Como quem não quer nada, comecei a juntar notícia de fila no Rio. No Rio, em São Paulo, em Minas, por aí afora. Antes de ler no jornal, dei pra prestar atenção nas filas que vou encontrando pelo caminho. São tantos os casos que nem dá pra escolher uns poucos e mostrar como sofre o brasileiro desse mal da espera. Já nem falo da fila que chega a ser mortal. Estou pensando na fila que está por toda parte, monótona, enfadonha, nos bancos, nos correios. Na repartição pública.

Se a fila está diante de um hospital, e como tem!, já traz uma nota mais dolorosa. A demora aí é cruel. E quem está na fila tem uma ponta de oblação. A mãe pobre de filho ao colo, o velho trêmulo, o jovem de perna engessada, um atrás do outro a manada espera, resignada.
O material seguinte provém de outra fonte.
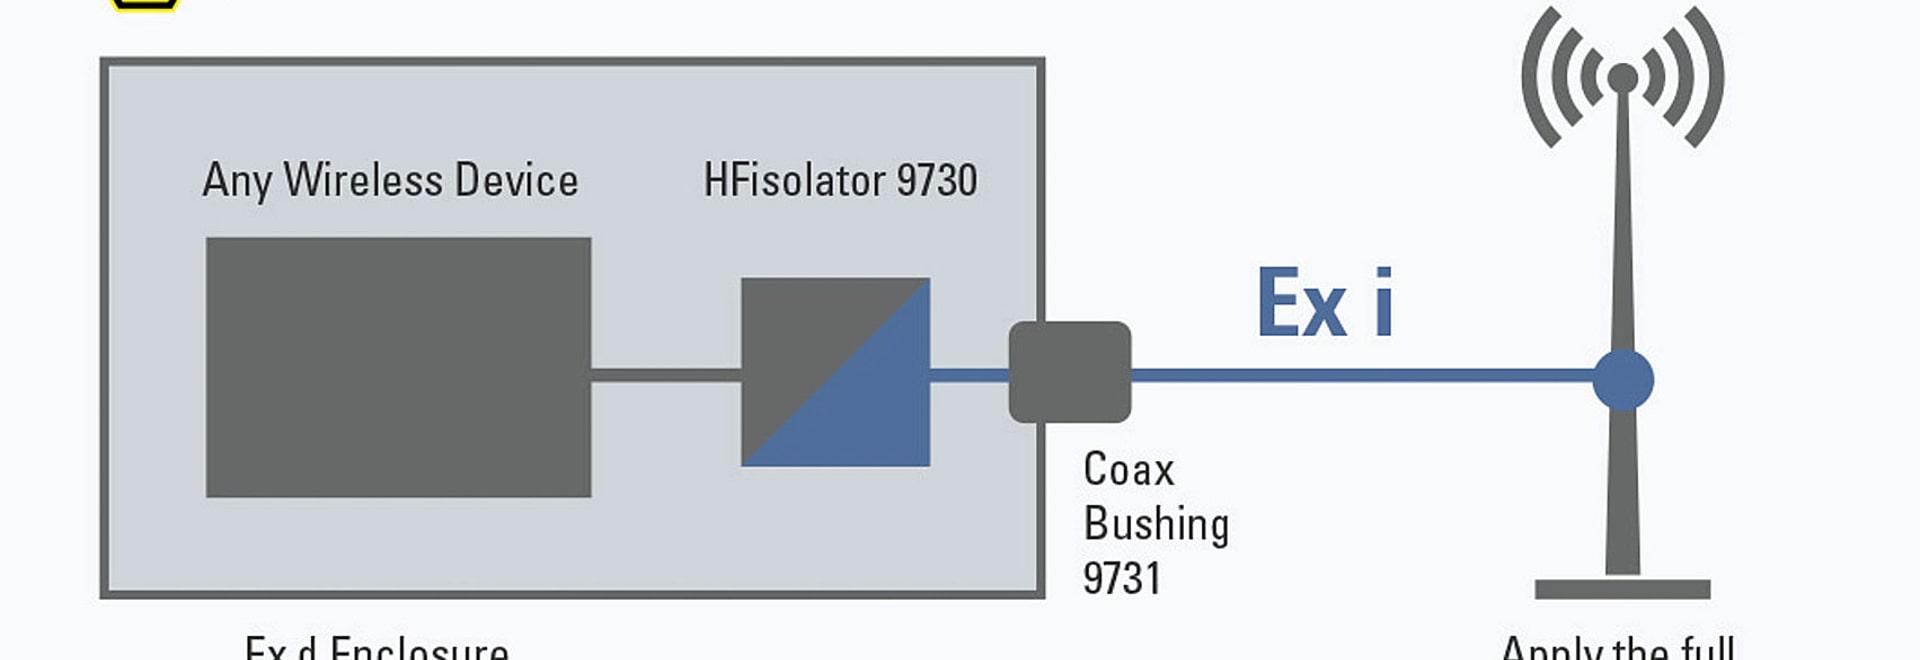 Funk im Ex-Bereich: HFisolator für beliebige Antennen

Aquela mocinha ali, se abrir a boca, não vai falar. Vai balir. Mansos cordeirinhos sacrificais.

Na minha cabeça, ou no meu coração?, as palavras dão voltas gratuitas. Quem espera sempre alcança. Esperar, esperança, a raiz é a mesma. Uma das três virtudes teologais. Será que não dá pra eliminar essas filas? Por que se diz fila indiana? À primeira vista me ocorre a associação com a Índia. Paradeiro de multidão submissa. A espera que dura uma eternidade, no ritmo da ruminação vacum. Os olhos, olhos de quem olha pra dentro, sem horizonte.

Mas indiana no caso nada tem a ver com a Índia. A fila indiana é nossa. Autóctone. Vem da maneira de caminharem os índios, em fileira, no bosque ou na floresta. Originalmente até que tem um toque aprazível. Inocentemente ecológico. Antes eu pensava que devia ser por causa do Exército. Vem do francês, a palavra. Fila de dois em dois, serviço militar. A disciplina do universo concentracionário. A fila indiana é de um em um, cabisbaixa. Marca passo, passo a passo. De pé, imóvel.

Até no Rio, uma cidade buliçosa, as filas são uma tênia de melancolia. Pode ser pro Carnaval, ou pra ver um show. É taciturna, a fila. Se fila de boi dá aquele aperto no coração, que dizer de tanta fila de gente?, e gente humilde. A fila coleia como serpente, ao sol, à chuva, cedinho e até à noite. O guichê está longe como o céu. Tanta exigência, tanto papel! E o sim acaba com gosto de não.